> **RAW DATA**

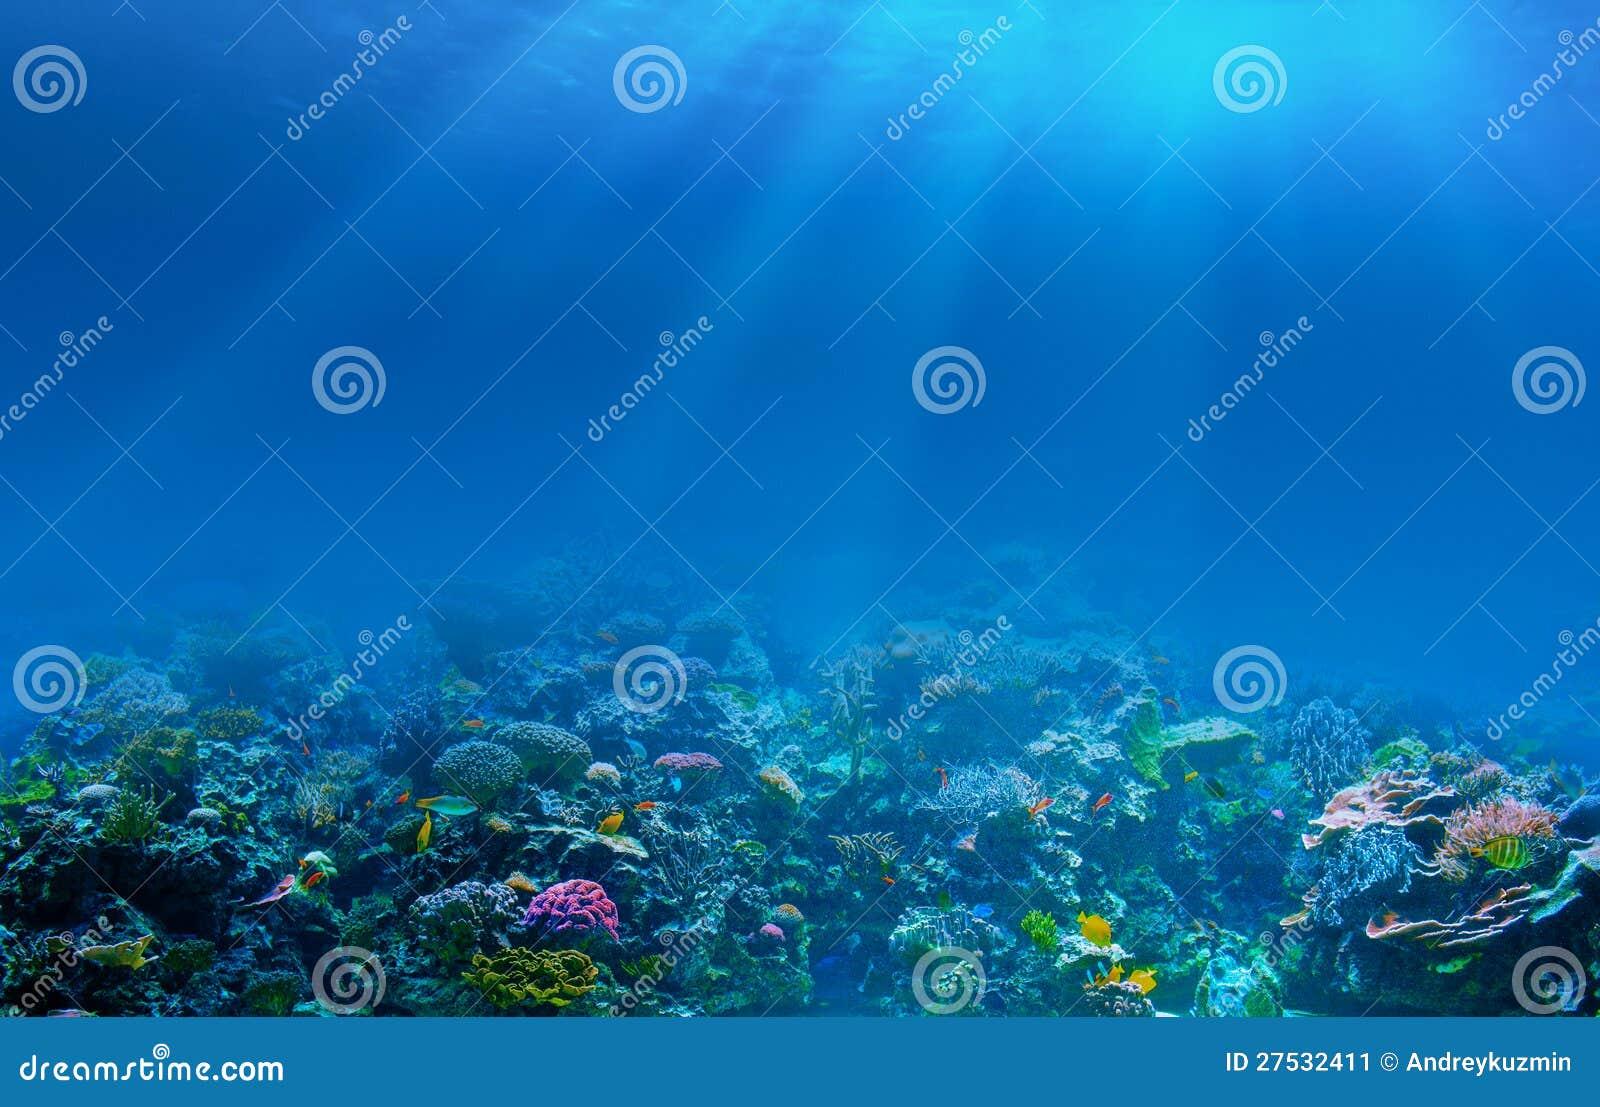 Underwater coral reef seabed background
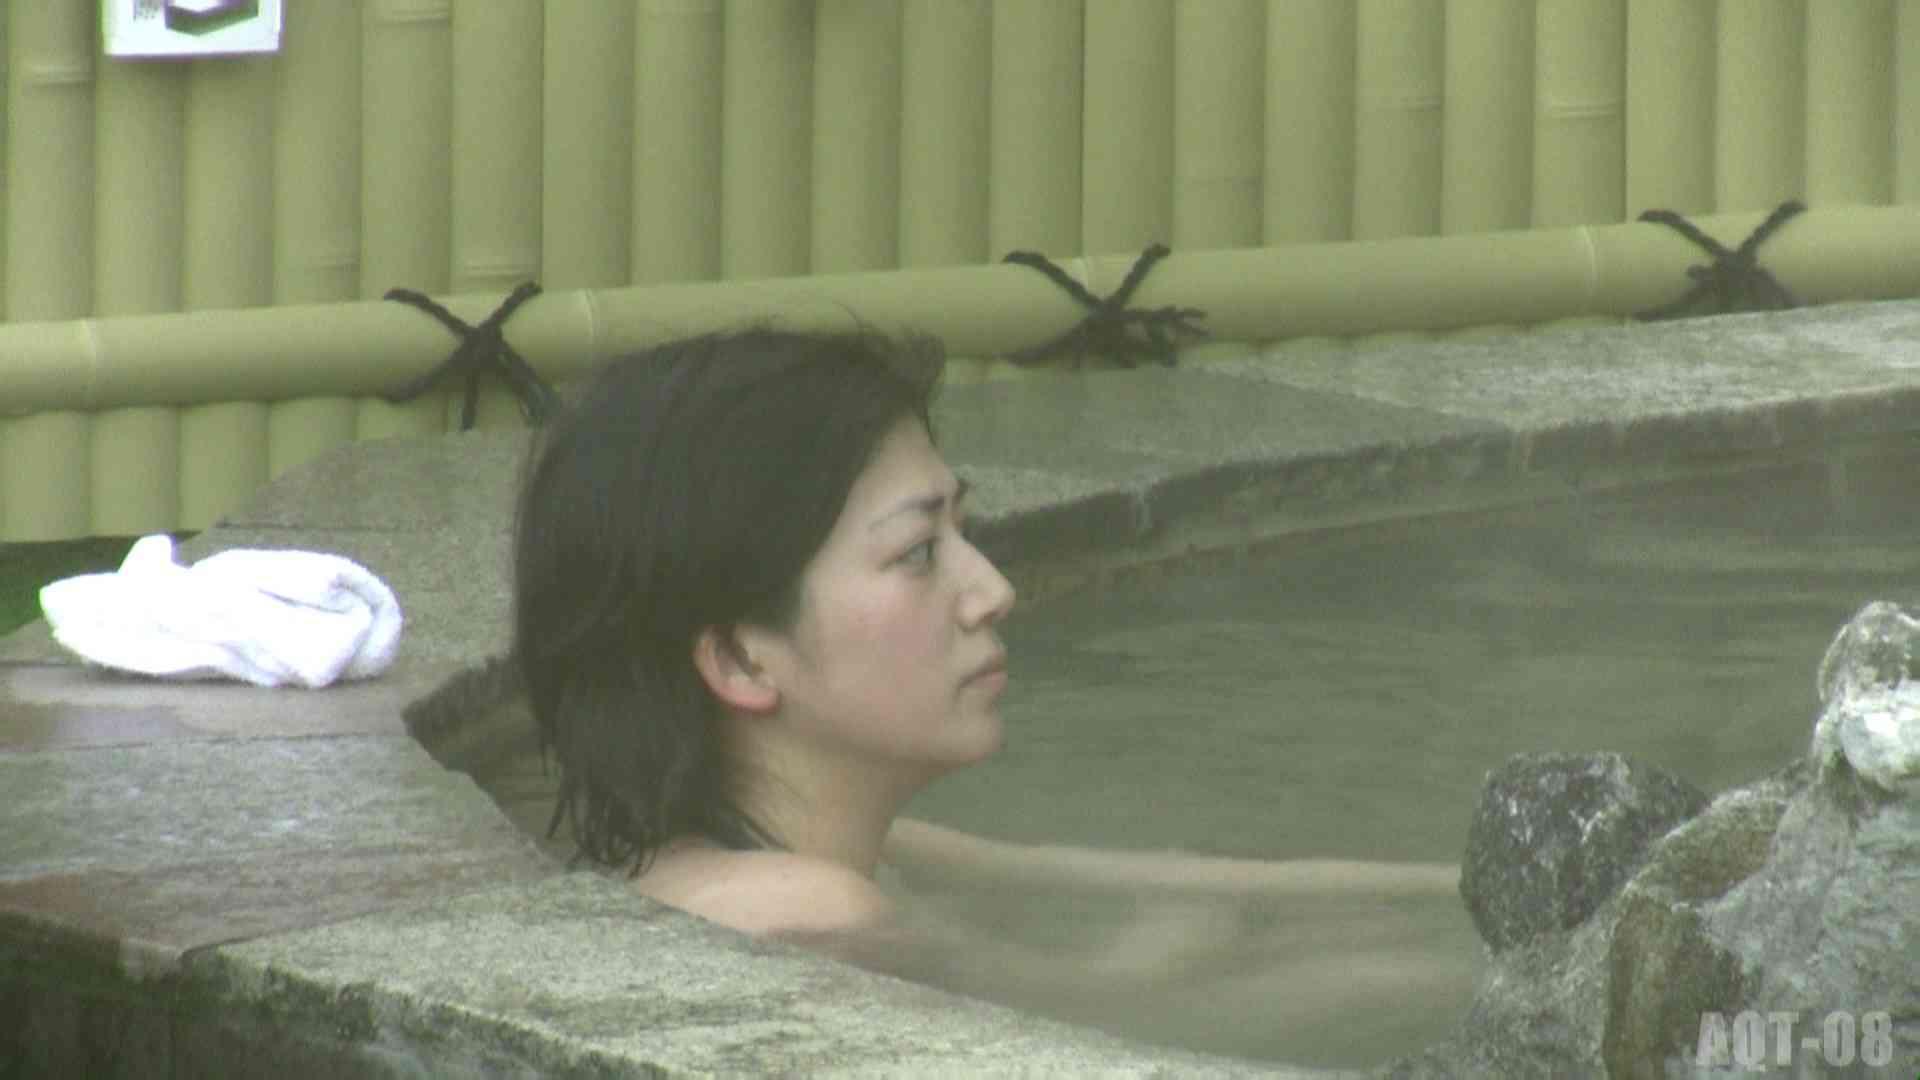 Aquaな露天風呂Vol.776 露天 | OLセックス  108画像 97
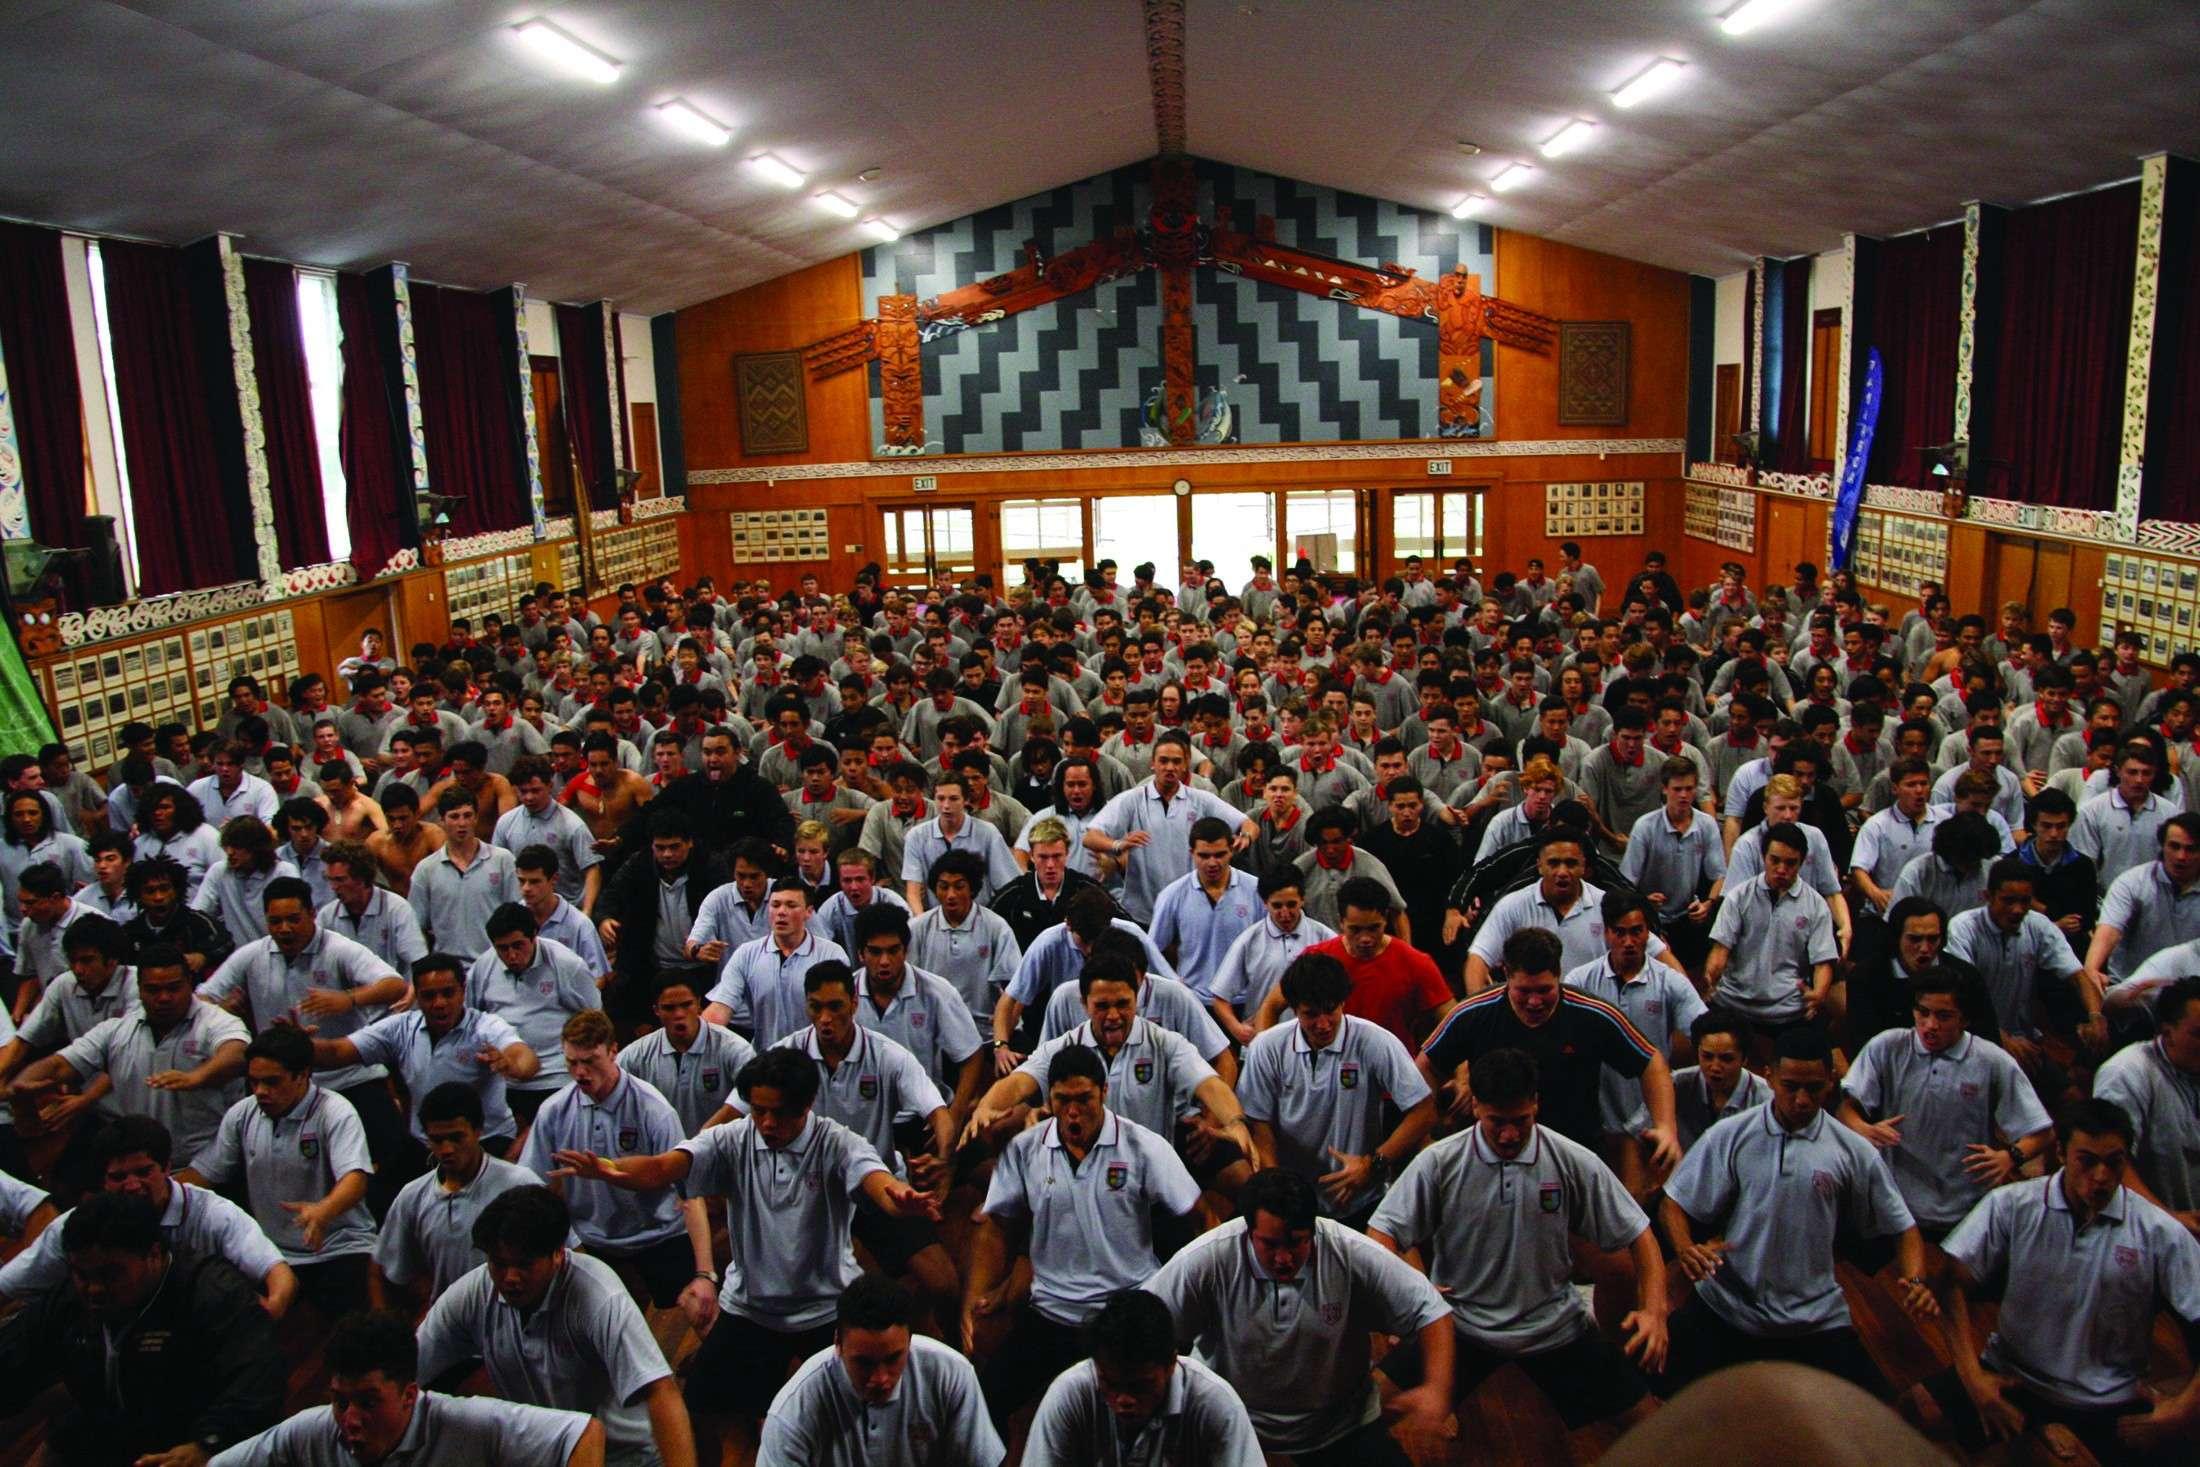 Hakaassembly Gisborne Boys' High School

> **WORK TO COMPLETE**
In the printed copy, the material above must appear unchanged and without its pictures.

> **OUTPUT OF THE TASK**
 Underwater coral reef seabed background
 Aquaな露天風呂Vol.776 露天 | OLセックス  108画像 97
 Hakaassembly Gisborne Boys' High School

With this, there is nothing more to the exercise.